- Убью-ю... Уходите, сволочи... Ну-у?
Втянув голову в плечи, готовый к яростному прыжку, взмахнул руками. Выставил в окно из-синя багровое лицо с налитыми кровью глазами. Толпа от избы шарахнулась.
На улицу, на дворы, на окрестные поля и горы уже легла благостная ароматная темнота. Бабы тревожно выкликали мужей и детей. Со смехом и бранью расходились люди. Магара тяжело сел на скамью меж окон. Уронил взлохмаченную голову на руки и дышал тяжело и трудно. С тихим медленным скрипом приоткрыла Григорьевна дверь. Старое сердце встревоженным голубем металось в груди. Слово с языка от испуга не шло. Но огромная жалость толкала к мужу. Вошла. Магара медлительно, с большой усталостью сказал:
- Дай мне другу-ую одежу... И... посто-ой! Вели Дашке самова-ар наставить.
Но чай пить не стал. Выпил жадно три ковша холодной воды. Спросил угрюмо и глухо:
- Где же зятья-то с бабами?
- Один-то уехал, а эти тут, во дворе, в телегах спать полегли. Боятся в избу...
- Ладно, пущай там переспят.
- А ты-то, Савелий, как? - Оробела и чуть слышно закончила: - За село-о к себе не пойдешь?
Не ответил. Сильно и слышно ступая по полу босыми ногами, прошел к старухиной постели. Деревянная кровать скрипнула, как охнула, под большой его тяжестью. Старуха, вздыхая, стала укладываться на скамье под окнами. Но Магара громко и отчетливо позвал:
- Ложись со мной.
И на шестом десятке лет, лютуя в грехе, как лютовал в молодые свои года, без слов, жесткой звериной лаской всю ночь ласкал и тревожил развяленное старостью женино тело.
А на утренней заре вдруг заплакал без слез и без слов глухим маятным воем:
- Савелий... Савелий!.. Смирись, сжалится господь! От гордыни от твоей шибко уж тебя обида пробирает.
- Молчи!
Сорвался с кровати и стал среди избы большой, лохматый, нескладный.
- Молчи, баба! Не твоей мозгой понять!.. Молчи! В грехе доживать буду! В блуде, пакости, в богохульстве!.. Душить, убивать буду! В большом грехе! Не допустил в великой праведности к ему притти, грешником великим явлюсь! На страшном суде не убоюсь, корить его буду!..
И бушевал опять до самого солнца восхода. Утром ушел из дому.

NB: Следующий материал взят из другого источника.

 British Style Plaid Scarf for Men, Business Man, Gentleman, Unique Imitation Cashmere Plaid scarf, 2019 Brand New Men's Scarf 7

До пасхи пропадал. На второй день праздника явился пьяный и буйный. С того дня в блуде, пьянстве, в драке первым в округе стал.
VI.
Третий год здешнюю степь все меряют. Второй год горы рвут. Землю, песок, дерево, железо возят. Роют, сыплют, насыпают, над дорогой железной колдуют. Езда по той дороге еще три года не то будет, не то нет.
Постройщики господа от войны здесь хоронятся. Не торопятся, видать, строить-то. Только и понастроили, что инженерам всяким хоромы. Бараки унылые, плохо сколоченные, да землянушки рабочей голытьбе из беженцев понастроили. Писальщикам, считальщикам своим готовые хорошие дома по всем деревням под конторы понакупали. Матвей Фаддеев не зря теперь кряхтит:
- Станции, да дистанции, а для мужика все одна надуванция!

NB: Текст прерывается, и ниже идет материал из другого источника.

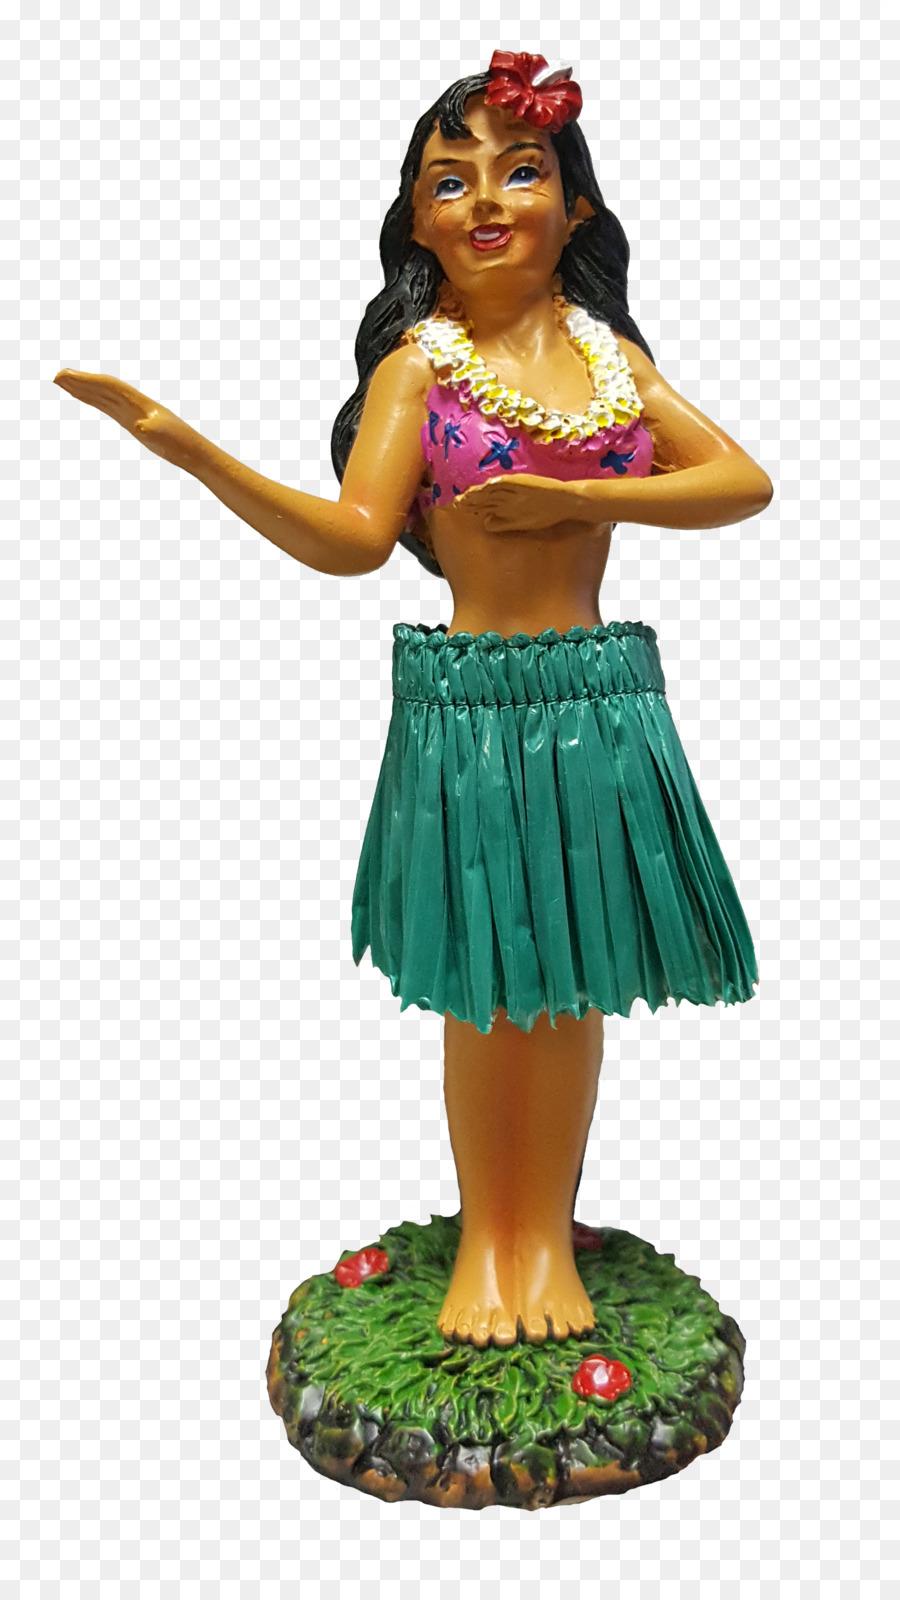 Hula Girl Png & Free Hula Girl.png Transparent Images #32754.

Спервоначалу он постройкой доволен был. Крестьяне за продукты цену неслыханную брали с постройщиков, хорошо наживались. И не один Матвей тогда радовался. А теперь вот опять не только он, одноруким вернувшийся с войны, оттого нерадостным и на все плохое приметливым, а и другие старики и молодые поосновательнее вздыхать начали. Деньгам от инженеров, все постройщики повыше десятников под одним названием инженеров в округе ходили, - так деньгам тем, инженерским, не рады. Дурные деньги дуром и идут.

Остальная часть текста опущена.